Of course, there are moments when Dear Abby might politely quibble with the way I interact with others. Sometimes, my appreciation of the sensitivities of all those who didn't get enough attention growing up, and whose self-esteem rests on what some stranger posts on the Internet is simply lacking. But taking the rights of nonhumans not to be used as property seriously sometimes means calling it the way you see it.


So, am I bad for veganism? I can't honestly answer yes. What I do think of as being not just bad, but unremmitingly terrible for veganism (worse than the third season of The OC bad) is the resistance to thinking in the movement. If I had a dollar for every regulationist response to an abolitionist argument that I knew was little more than a cut and paste from regulationist propaganda, I could retire.

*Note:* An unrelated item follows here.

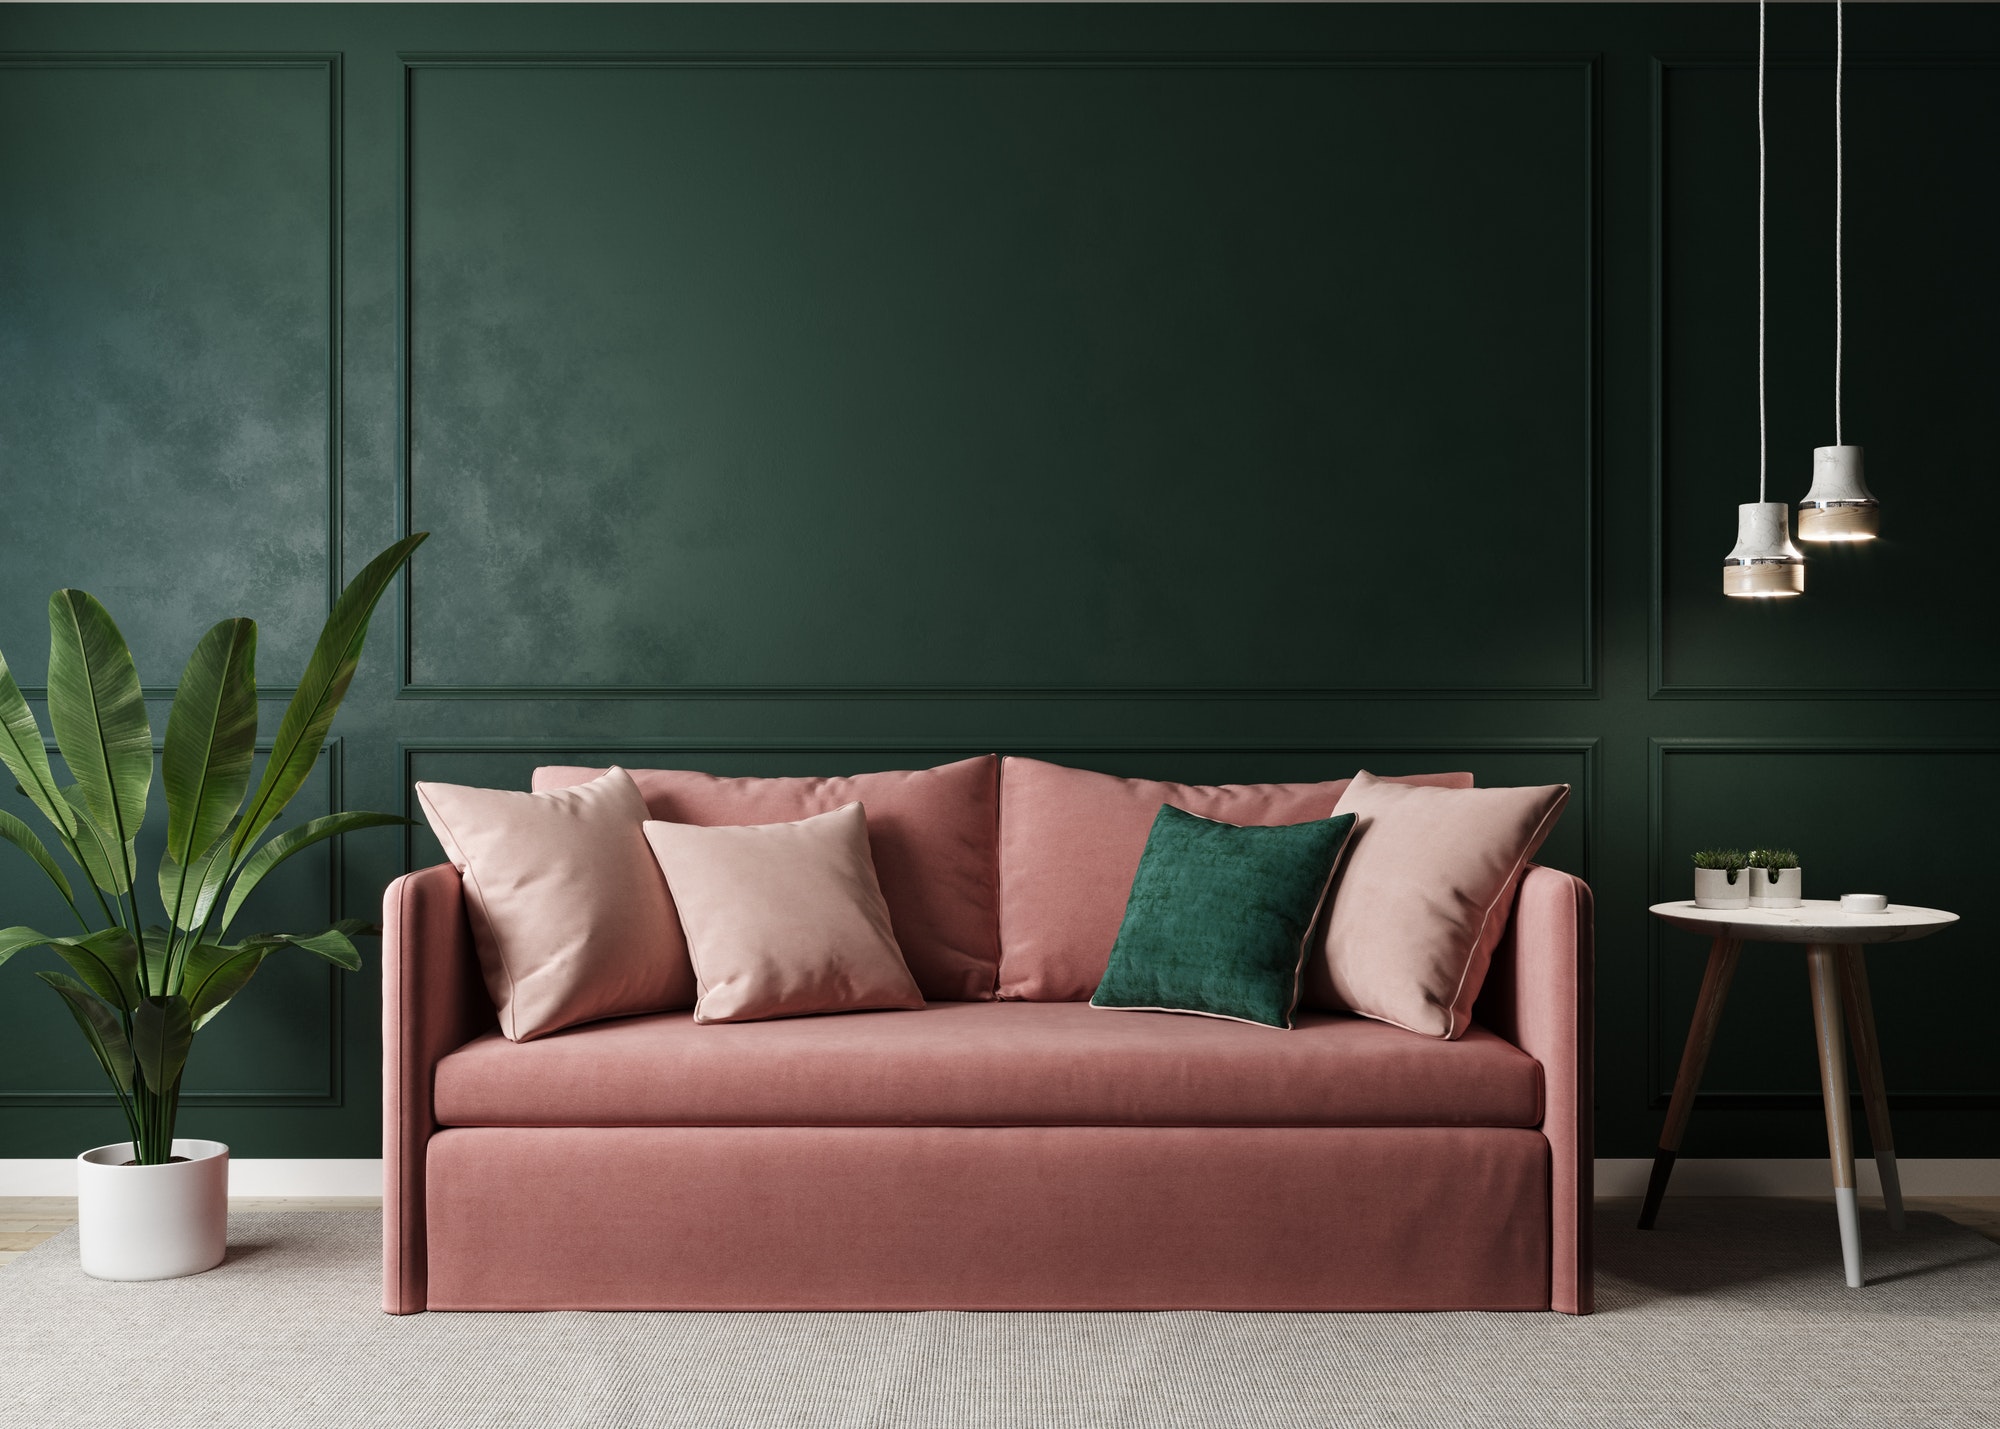 Home interior mock-up with pink sofa, table and decor in green living room, 3d rendering

Honestly, cracking a book never hurt anybody. And the outright rejection of thought that is required to refuse to engage someone with ideas and instead resort to name-calling is deeply unfortunate but emblematic of the animal advocacy movement today. Political Movements for Adults (trademark pending, and no offense to children) don't grasp at straws and they don't apologize for taking a firm stand, nor do they call names and rely on ad hominems. They behave politely, clearly articulate their values and ideas, and take unequivocal stands about the justice they seek on behalf of others. That's what we owe nonhuman animals, period. If that makes me bad for veganism, well, I guess in that case, the canvas shoe does fit.

But whether you like me, or don't like me, I'm asking you to be less divisive, to be less hurtful in your personal attacks on me (and other advocates); they keep me up at night thinking about blog posts to write! I'm calling on you to give thinking a chance. More important, I'm here to stay; I think you should take the rights of animals not to be used as property seriously, go vegan if you're not already, and engage in creative nonviolent vegan outreach that eschews racism, sexism and violence and promotes an end to the property status of nonhuman animals as the pratical, ethical, and effective way to end their slavery.